Background: Older theoretical models of ADHD have largely assumed homogeneity in cognitive functioning. More recent work exemplifies the heterogeneity in cognitive performance in ADHD populations, but there is not much consensus between studies. Additionally, when comparing between ADHD and a typically developing (TD) group, there is an underlying assumption of homogeneity in the TD population.
To explore this heterogeneity, this study used graph theory to segregate TD and ADHD children into subtypes with a variety of neuropsychological measures. Then tested
Methods: (1) community detection to group into clusters/subtypes (2) SVM-based MVPA to test how well diagnostic status of individuals can be identified within the community clusters/subtypes Asking:
- Is there enough information in these neuropsych subgroups to predict cluster membership?
- Does cluster membership allow for more accurate prediction of ADHD diagnostic status than just neuropsychological performance alone?
498 children (TD = 213, ADHD = 285) & 20 neuropsych measures
Results: Used confirmatory factor analysis to make sure that the measures were not excessively redundant settled on 7 latent variables with 1-4 measures each because it most closely aligned with their prior conceptualization of what each task measured and it had an equivalent fit to the five and six factor models ((latent variables: inhibition, working memory, arousal/activation, response variability, temporal information processing, memory span, processing speed))

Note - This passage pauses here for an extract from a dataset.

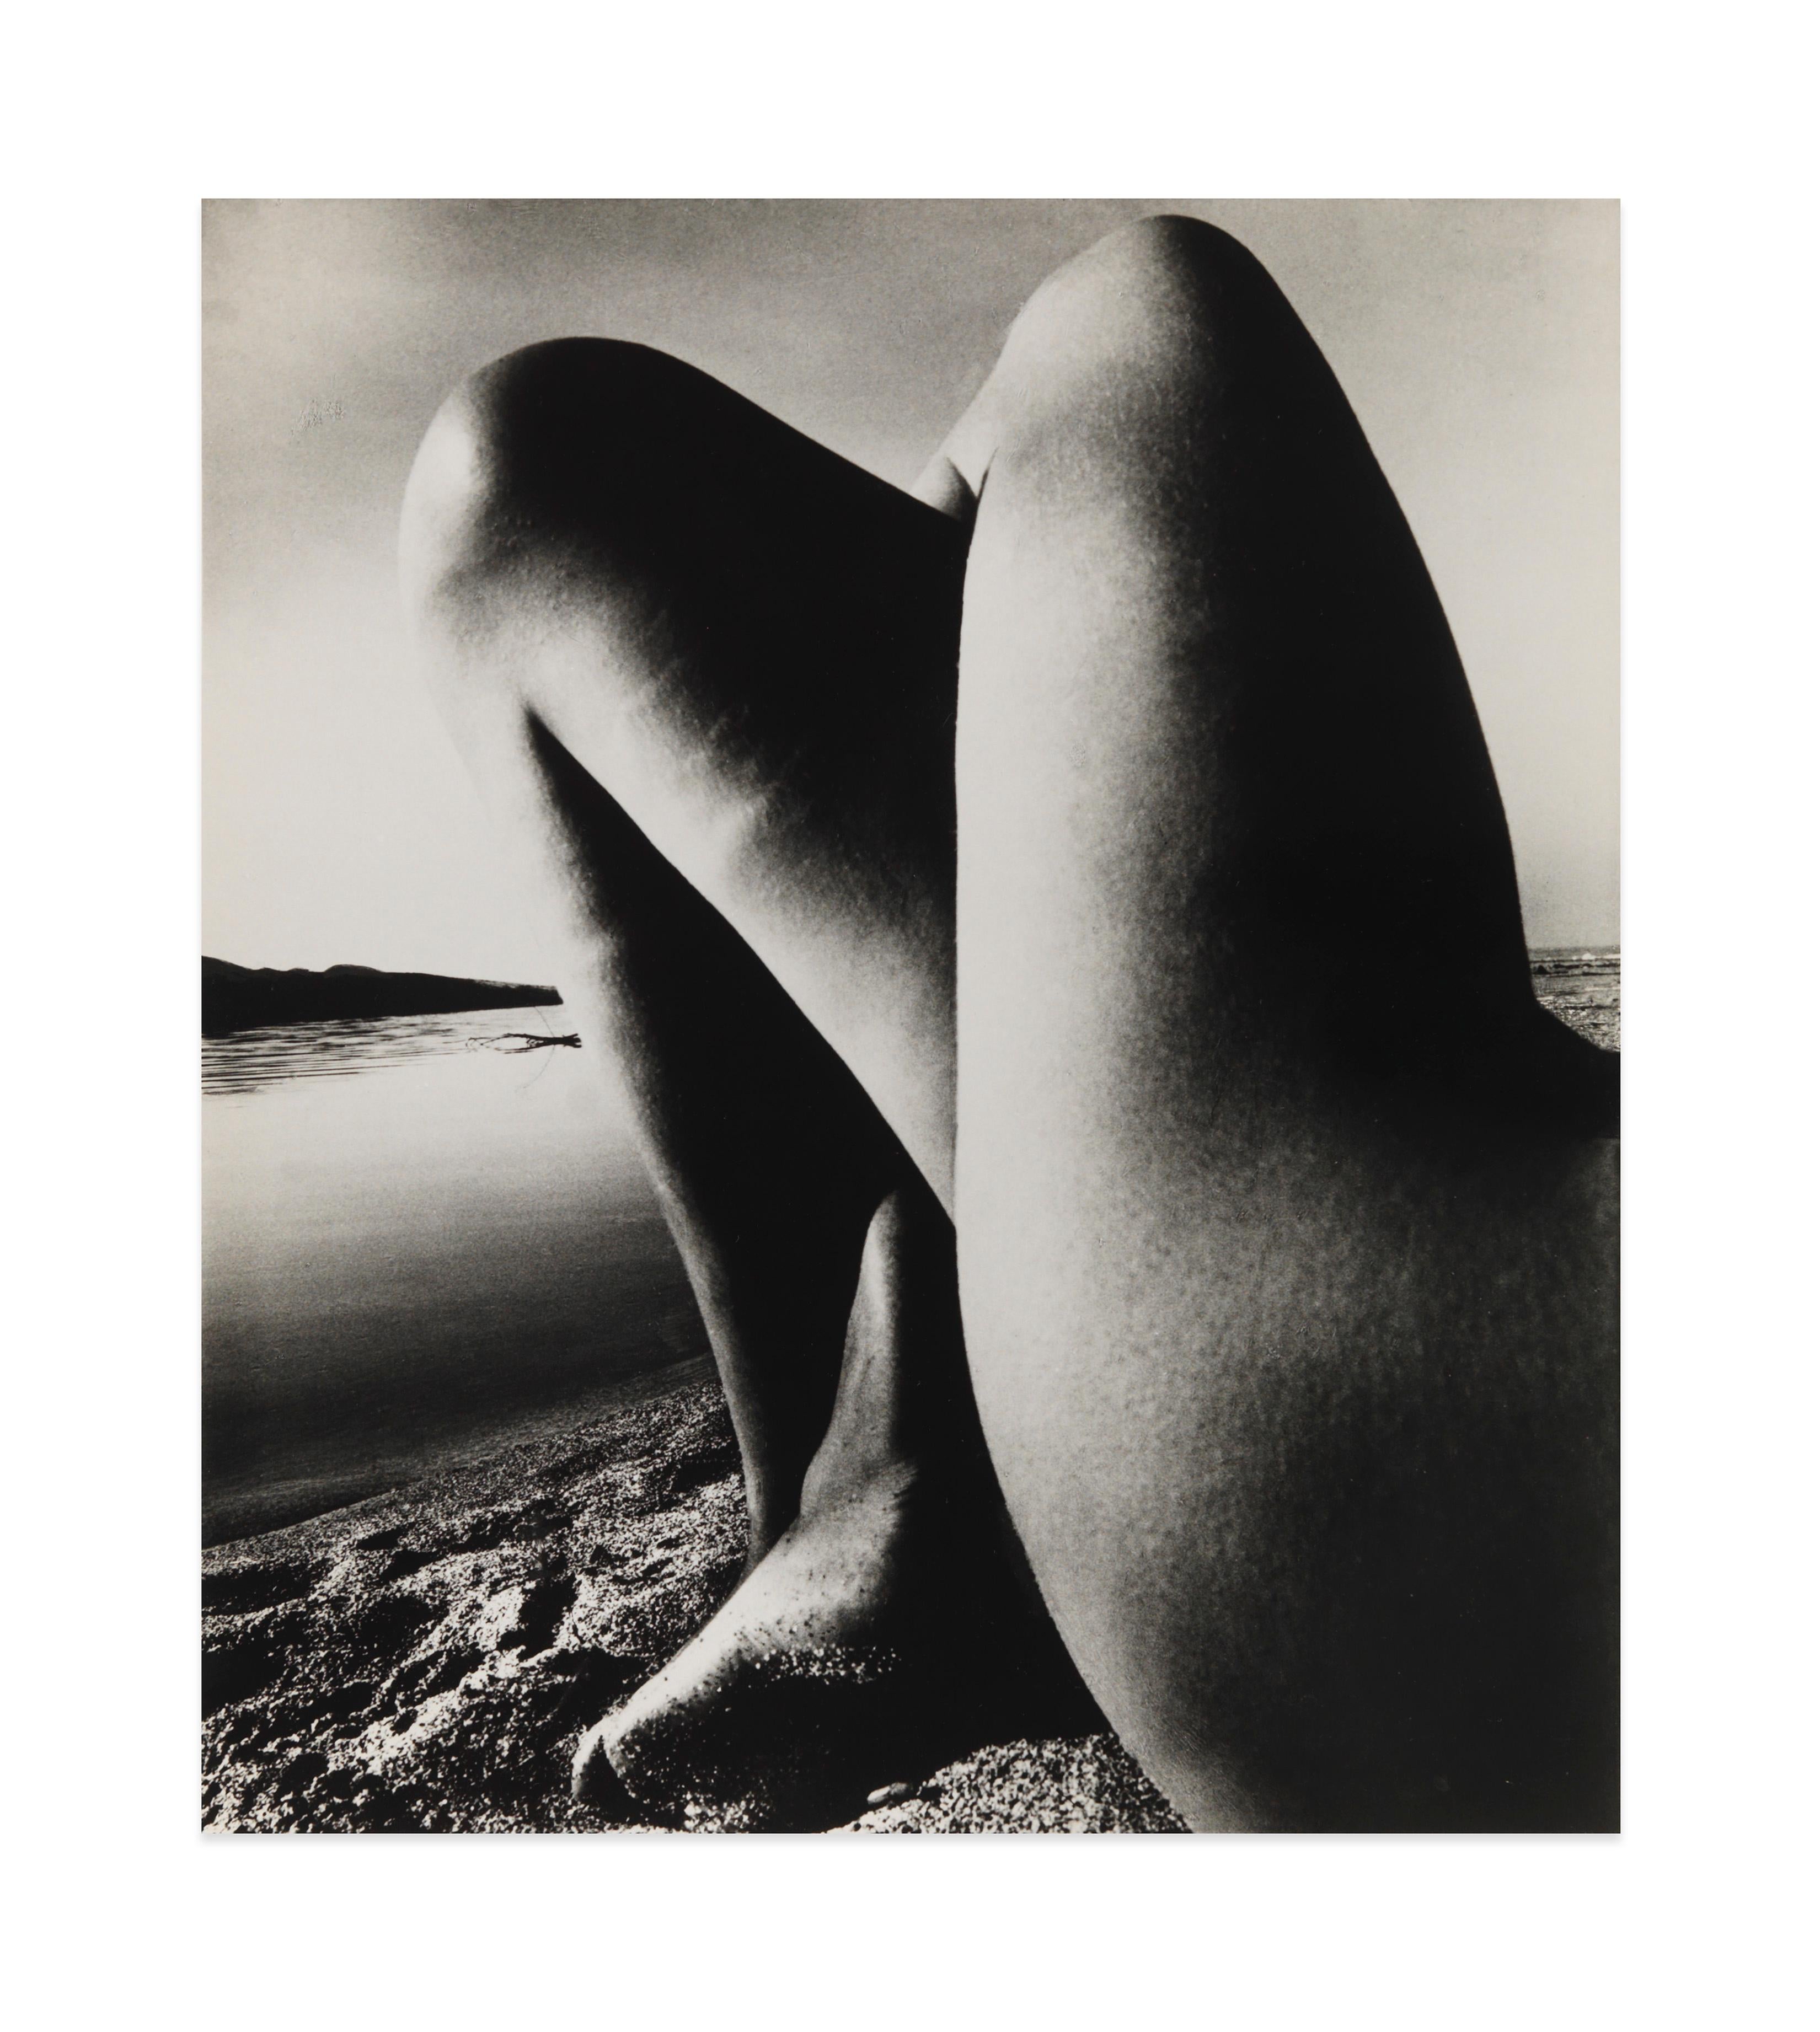 Nude, St. Cyprien, France, October - Photograph by Bill Brandt

Can we distinguish between ADHD and TD populations on the basis of neuropsychological task performance? Despite significant differences between ADHD and TD groups in all neuropsych measures, the SVM classifier was not great at sorting individuals by neuropsych performance into ADHD and TD groups (65% accuracy).
Community Detection Community detection on TD population identified four unique communities/subgroups (1) more response variability, (2) reduced working memory/inhibition/span/speed, (3) inaccurate temporal information processing, (4) weak signal detection/altered arousal **TD populations have heterogeneity in neuropsych profiles
Community detection on ADHD population identified six unique communities/subgroups that they overlayed against the TD communities. « see figure3 »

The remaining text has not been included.